- [DESCRIPTION OF THE TASK]:
Whenever a line in the data holds the string "Sterling", pull that line out.
[DATA RECORDS — start]
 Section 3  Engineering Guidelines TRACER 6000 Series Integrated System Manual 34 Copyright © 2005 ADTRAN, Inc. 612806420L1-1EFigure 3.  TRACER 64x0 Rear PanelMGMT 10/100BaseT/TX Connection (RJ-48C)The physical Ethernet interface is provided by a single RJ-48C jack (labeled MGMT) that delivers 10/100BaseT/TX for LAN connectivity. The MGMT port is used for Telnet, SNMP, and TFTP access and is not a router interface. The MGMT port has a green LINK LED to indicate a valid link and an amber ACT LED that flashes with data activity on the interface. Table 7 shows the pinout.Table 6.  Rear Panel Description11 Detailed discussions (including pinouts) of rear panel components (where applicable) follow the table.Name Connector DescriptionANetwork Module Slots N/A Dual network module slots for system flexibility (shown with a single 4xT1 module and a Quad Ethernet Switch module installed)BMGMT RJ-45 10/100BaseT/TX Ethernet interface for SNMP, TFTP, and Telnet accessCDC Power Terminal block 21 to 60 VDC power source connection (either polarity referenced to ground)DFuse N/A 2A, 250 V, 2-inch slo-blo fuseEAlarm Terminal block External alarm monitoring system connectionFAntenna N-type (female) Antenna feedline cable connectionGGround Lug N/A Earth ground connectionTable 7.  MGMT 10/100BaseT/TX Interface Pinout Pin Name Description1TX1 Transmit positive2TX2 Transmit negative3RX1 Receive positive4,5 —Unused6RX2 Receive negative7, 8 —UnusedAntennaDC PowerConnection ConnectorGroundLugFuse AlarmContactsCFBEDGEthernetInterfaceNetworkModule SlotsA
[DATA RECORDS — finish]
[DATA RECORDS — start]
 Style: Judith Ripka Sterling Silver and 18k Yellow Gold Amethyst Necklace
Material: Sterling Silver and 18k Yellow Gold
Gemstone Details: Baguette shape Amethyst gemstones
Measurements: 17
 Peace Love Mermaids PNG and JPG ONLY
[DATA RECORDS — finish]
- [OUTPUT BELOW]:
 Style: Judith Ripka Sterling Silver and 18k Yellow Gold Amethyst Necklace
Material: Sterling Silver and 18k Yellow Gold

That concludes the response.